The Proms season ends, as it does every year, with the triumphal flag-waving finale encompassing Land of Hope and Glory, Jerusalem and Rule, Britannia! And this year (as every year for along time), we made it to our usual great vantage point in Hyde Park to watch it beamed in on the live screens - and to take part in all its flag-waving adrenalin-pumping grandeur. This year, the "Britannia" part was sung with the fine voice of Roderick Williams, and on stage at Proms in the Park we were also treated to some beautiful operatic singing by Pumeza Matshikiza and Vittorio Grigolo.

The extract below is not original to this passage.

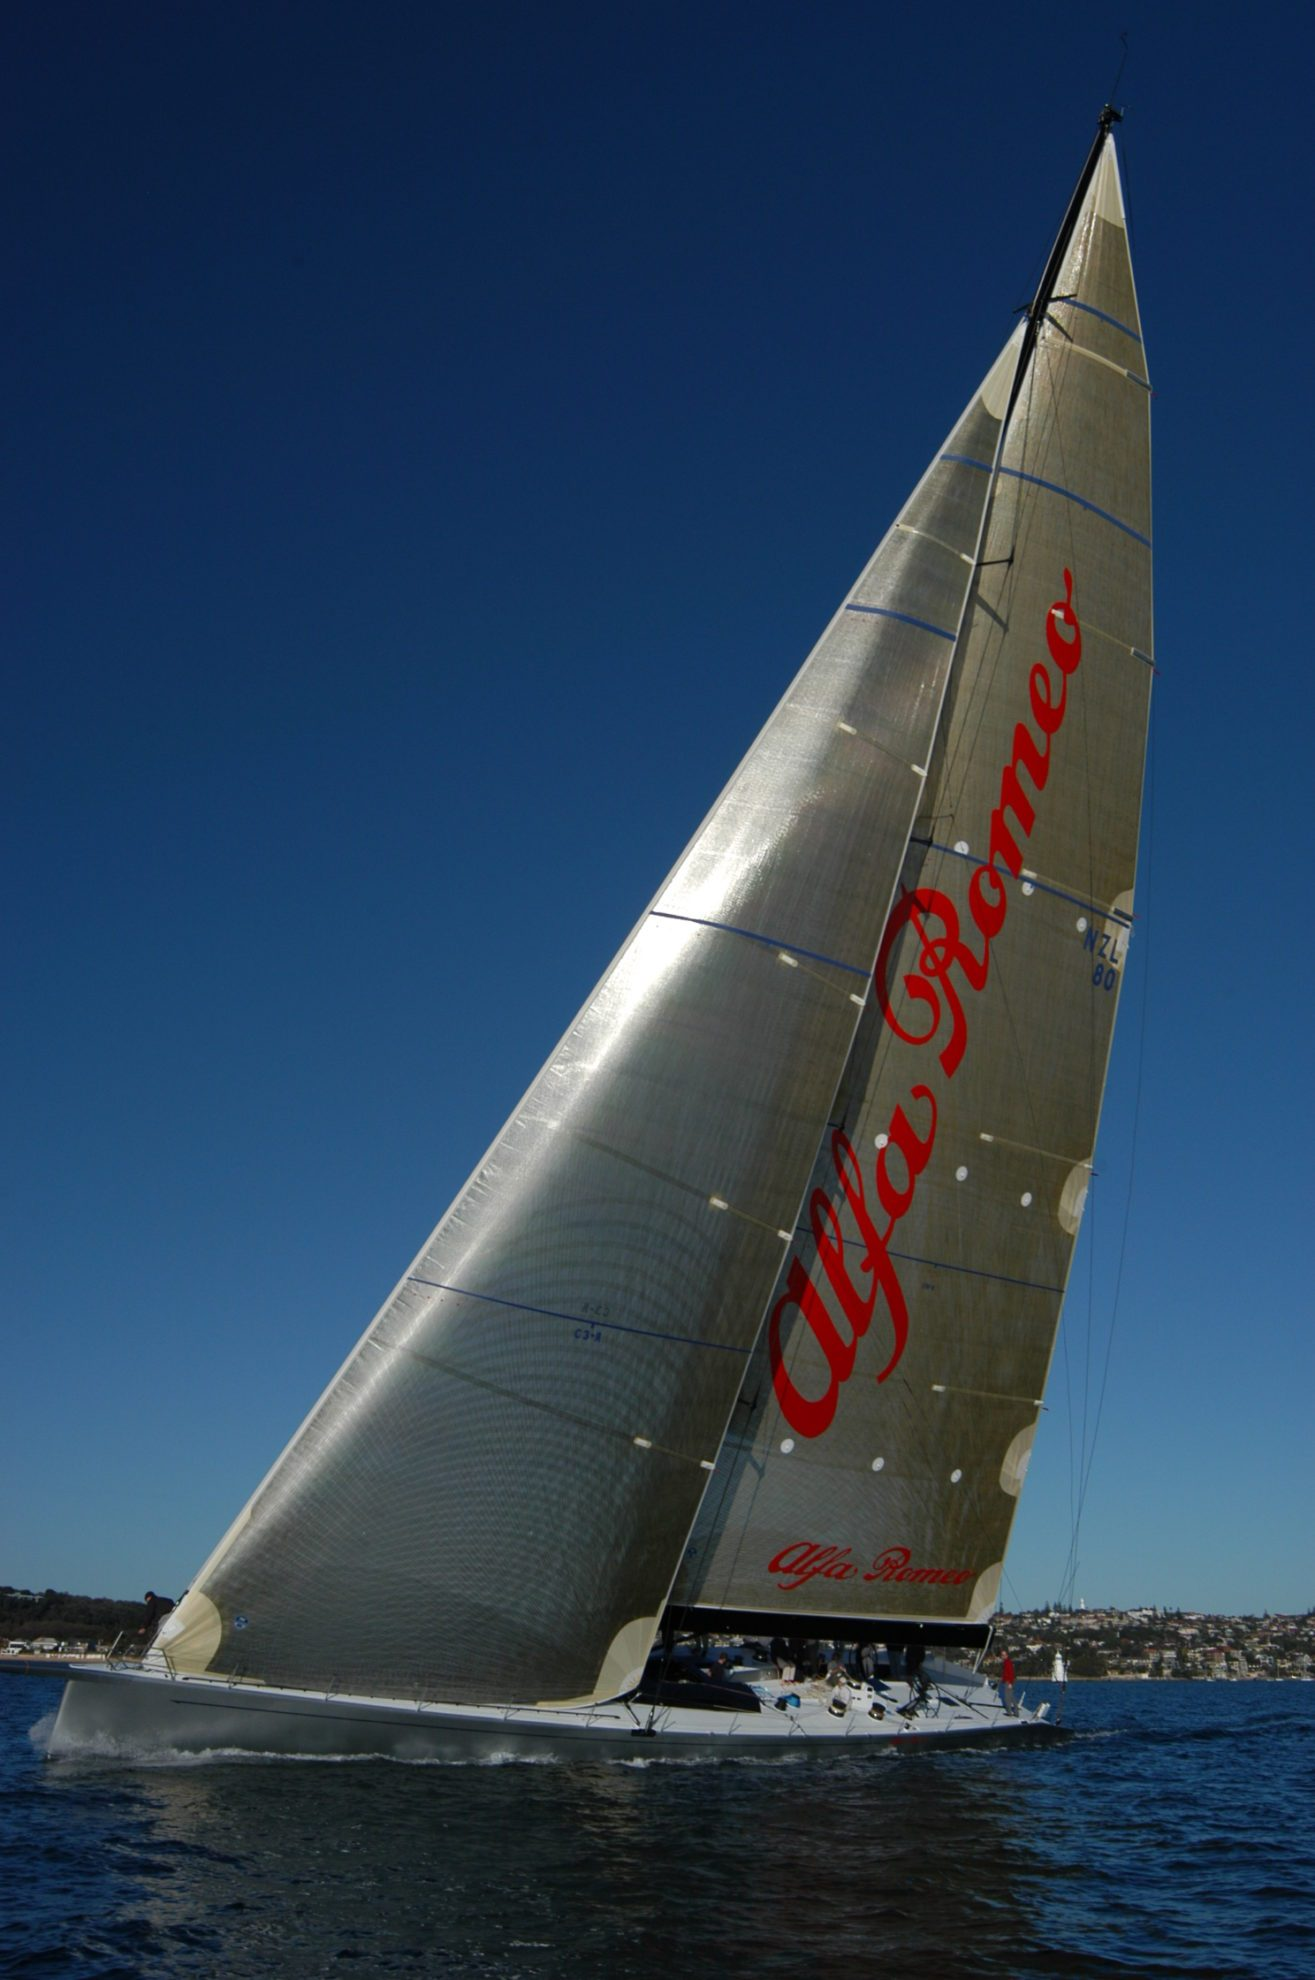 Новозеландская яхта Alfa Romeo II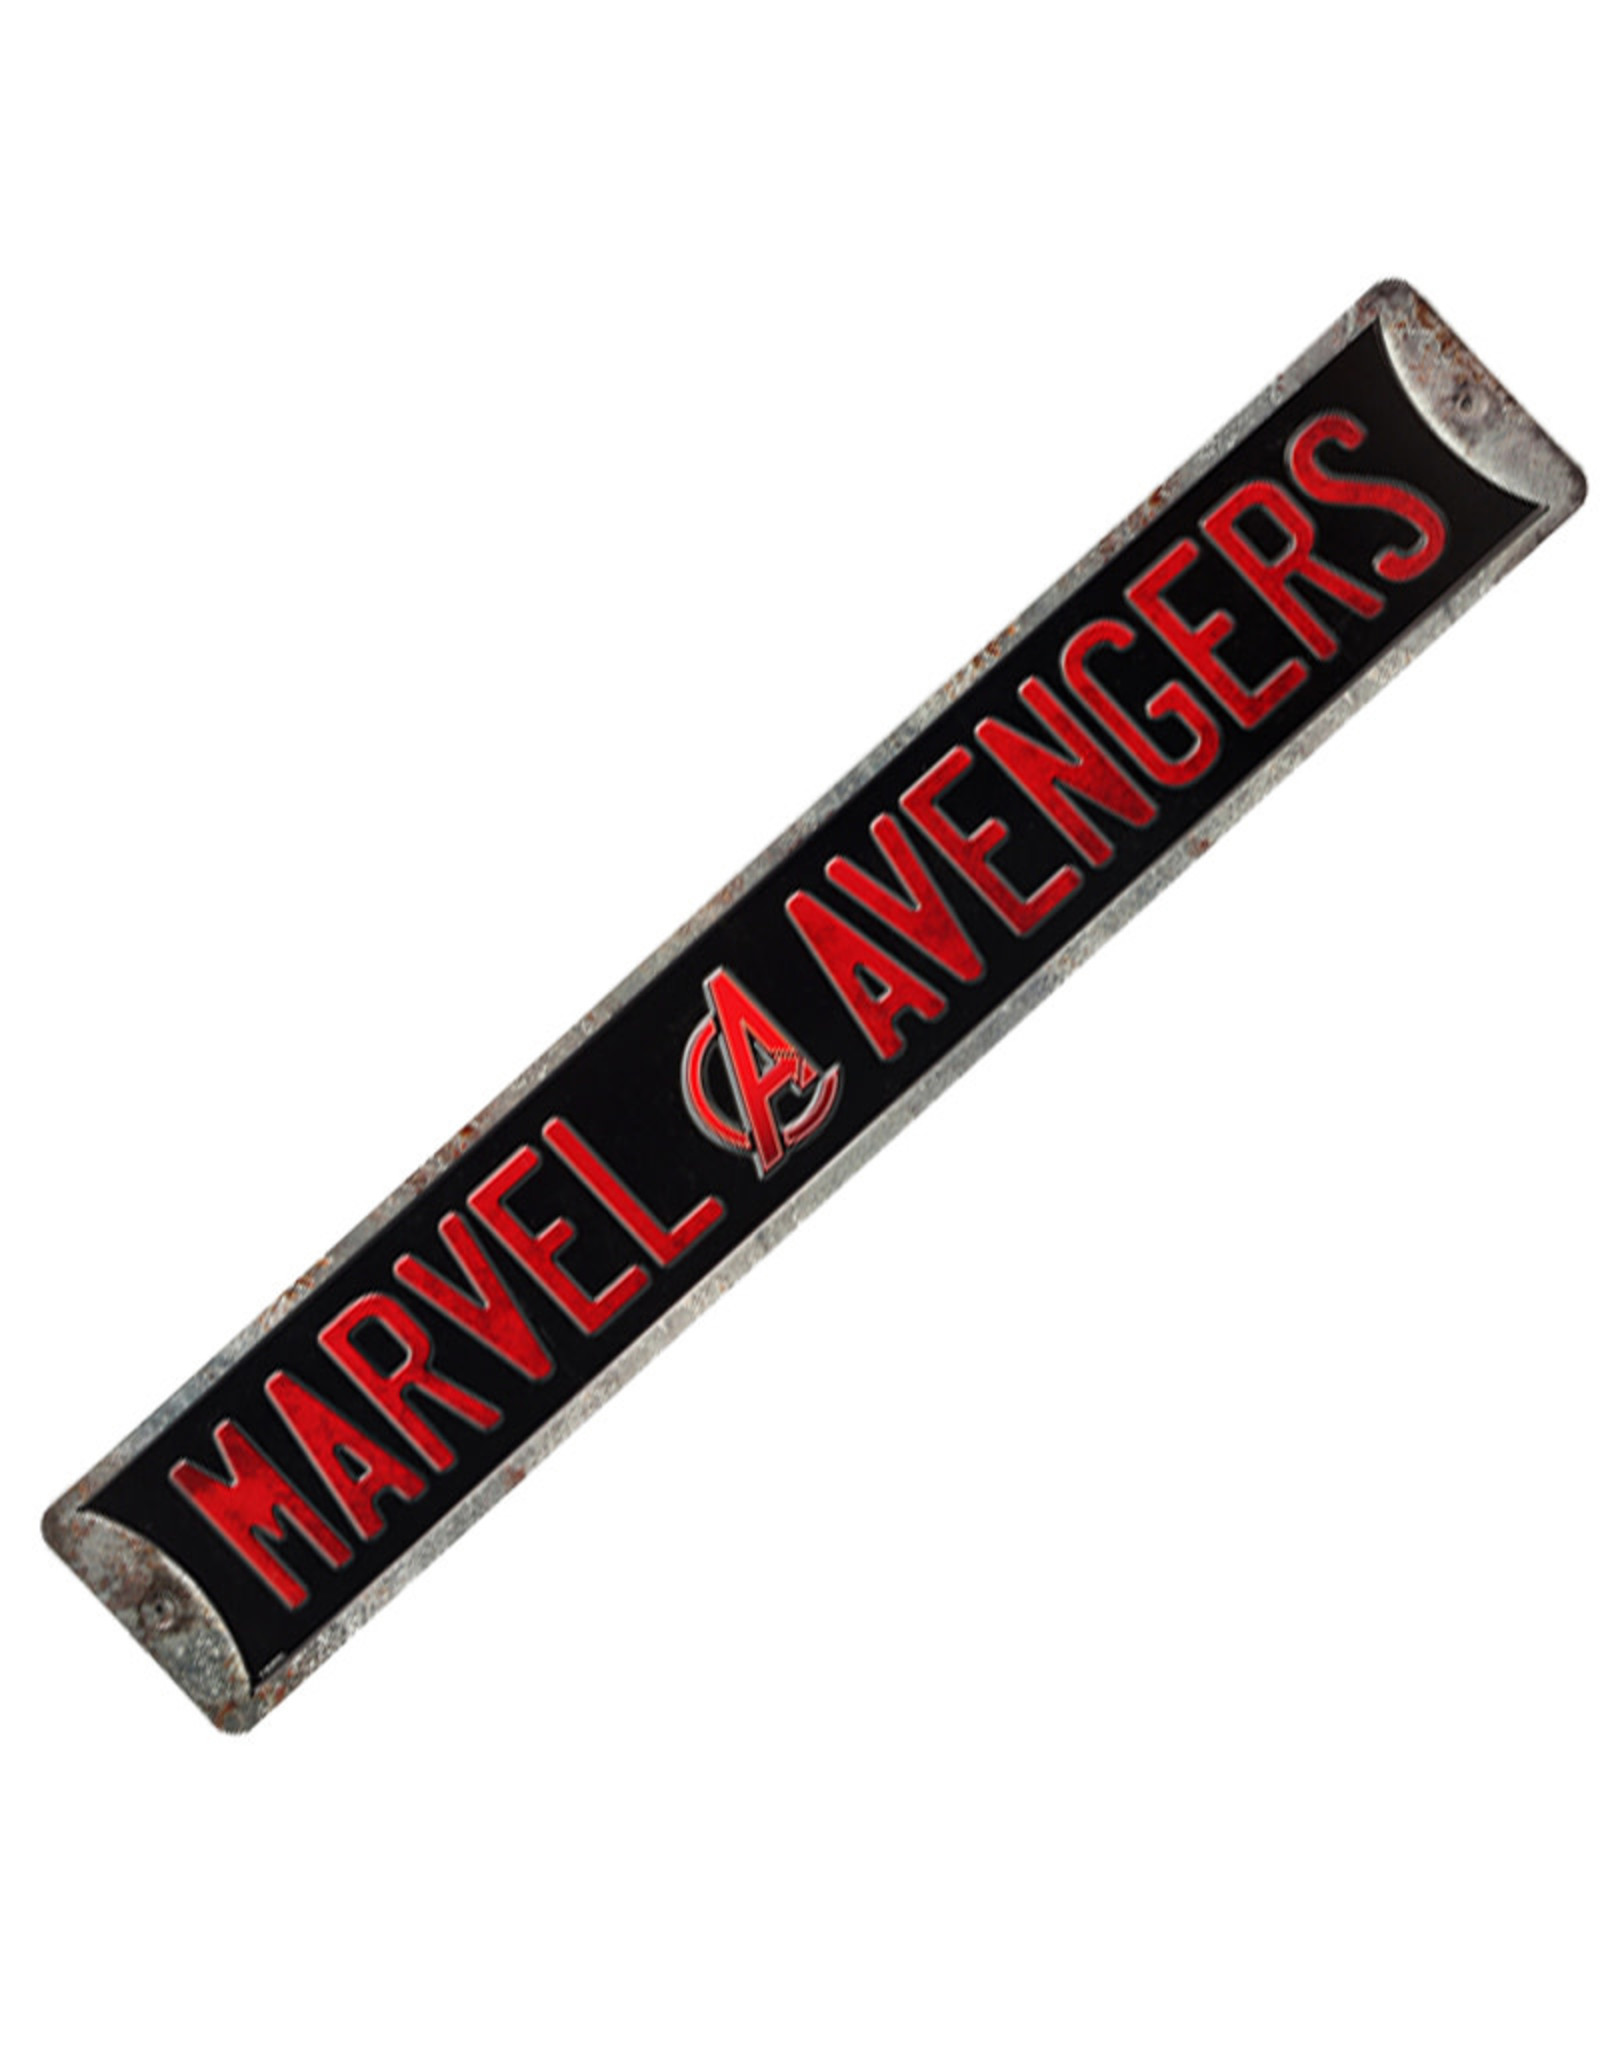 Marvel Marvel ( Embossed Metal Plate ) Avengers

I concluded the year with two more classical events: Bach and Wagner at St John's Smith Square and the BBC recording of their tribute to Ron Goodwin - which made for quite a mix in the classical canon.

And what of the theatre? 2014 turned out to be another fine year, with both major and minor productions that we thoroughly enjoyed. Of the latter, there was the thought-provoking and utterly fab Rachael's Café and the masterful one-man performance of Didn't You Used To Be Derek Jacobi?. Simon Callow's Being Shakespeare was magnificent, as was our recent adult panto-substitute Mrs Hudson's Christmas Corker.

Of our major theatrical events during the year, the new - and awe-inspiring - Menier Chocolate Factory production of Stephen Sondheim's Assassins was an absolute highlight. However the big event of the entire year was most definitely our pilgrimage to pay a deferential tribute at the feet of the great Dame Angela Lansbury in Blithe Spirit. A once-in-a-lifetime experience, never, ever to be forgotten!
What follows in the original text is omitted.